If you don't like tesselation at all, it can be switched of in the settings dialog. If you want tesselation enabled, but need to adjust the amount of tesselation, this can be configured (at least with NVIDIA) in the application profile for said game and is called 'Maximum Tessellation Level'.
Regarding performance of Tomb Raider: On my system, the 2013 Tomb Raider game looked worse compared to the 2016 version (obviously), and also performed worse FPS-wise (I game at 1600p btw. which is about 2x the 1080p pixel count).
Back then I had AMD HD6970 hardware and today I own a pair of NVIDIA 980Ti's.
But even today with the SLI setup, both games stay above 60 FPS all the time with everything turned up and on. So no reason to complain about sub-par performance here.
which games or benchmarks (that arent crysis 2 or hairworks enabled... or ubisoft unoptimized) have so much 'tesselation' (as if that's the only new feature devs use) causing worse than dx9 or even ogl performance, with no option to turn off or override in the driver?

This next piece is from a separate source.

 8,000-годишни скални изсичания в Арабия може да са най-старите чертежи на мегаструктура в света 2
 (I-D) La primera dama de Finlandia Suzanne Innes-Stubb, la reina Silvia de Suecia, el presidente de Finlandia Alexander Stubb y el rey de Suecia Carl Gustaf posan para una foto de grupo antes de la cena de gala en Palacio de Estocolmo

star trek mmo's dx11 update with identical visuals brought so much performance that they had to make PR about it
even in the dx10 days, when i had 4870x2, crysis warhead was smoother in dx10 than dx9 even if the fps counter was a few numbers lower, i have never seen a regression with a new dx version unless it's brand new buggy drivers or OS... plus, nvidia has proven multithreaded gains
the main detail i see that hurts fps the most is HB/HDAO, so i switch to SSAO or off instead, given that my 570m or 660 arent powerful gpus... dont you think i would be one of the first to notice problems with dx11? how can i trust your word with your high end specs without real examples
by the way, crysis 2 runs great for how it looks, you are free to turn off tesselation or tweak the cvars rather than switching to dx9
also breit's logic is fine if you're only turning down the newly added details that are already disabled in the previous dx version of the game but that's an optional feature... if it's running dx12 it IS dx12, what else can they call it?? 'getting dx12' is different from 'is dx12'
your dream should be 'built from the ground up for dx12', aka exclusive
it should be in the release notes too, the same way there was a dx11/bf3 golden driver in 2012
edit: q9550 3.6ghz, 4gb ram... are you additionally saying single 4870 ran better than CF or simply that dx9 ran much more acceptable?